If you need a controlled medication, this is worth knowing because it can affect how often you’ll need appointments and whether a telehealth-only arrangement will work long term.

What to Expect at a Medication Appointment

An initial medication evaluation is longer than a standard office visit. Expect 45 to 60 minutes with a psychiatrist or PMHNP, sometimes longer. The prescriber will ask about your symptoms, their severity and duration, your medical history, family psychiatric history, any substances you use, and what treatments you’ve tried before. First visits for depression and anxiety in primary care also tend to run longer than typical appointments, as doctors accommodate the extra time these conversations require.

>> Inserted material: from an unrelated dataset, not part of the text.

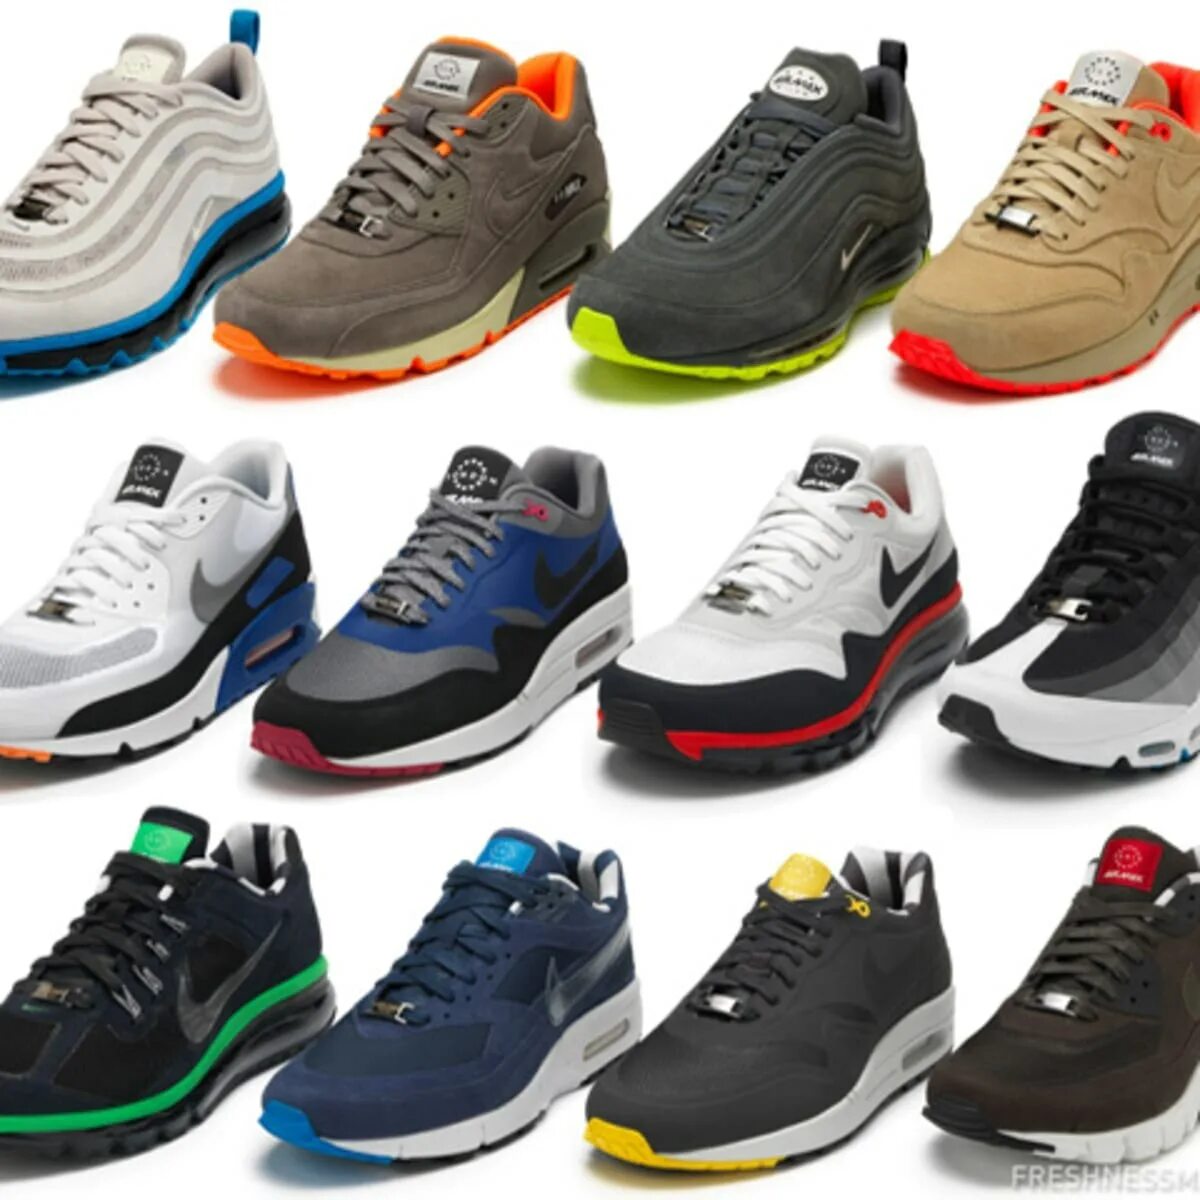 Лучшая качественная обувь. Обувь и красофка мужское 2022. Nike Air Max коллекция 2022г. Обувь мужская найк Эйр. Кроссовки мужские фашион Air.

Follow-up visits are shorter, typically 15 to 30 minutes. Early on, you’ll be seen more frequently, often every two to four weeks, so the prescriber can check whether the medication is working and watch for side effects. Once you’re stable on a medication, visits may space out to every few months.

How to Get an Appointment

Your path to a prescriber depends on your insurance and what kind of provider you want to see. If you have an HMO plan, you’ll likely need a referral from your primary care doctor before insurance covers a psychiatrist visit. PPO plans generally let you see a specialist without a referral, though you’ll still want to confirm the provider is in-network.

The fastest route to medication is almost always your primary care doctor, who can see you sooner and start treatment while you wait for a specialist if one is needed. If you want to go directly to a psychiatric specialist, telehealth platforms often have shorter wait times than local clinics. Community mental health centers are another option, particularly if you’re uninsured or on Medicaid, as they typically have prescribers on staff and use sliding-scale fees.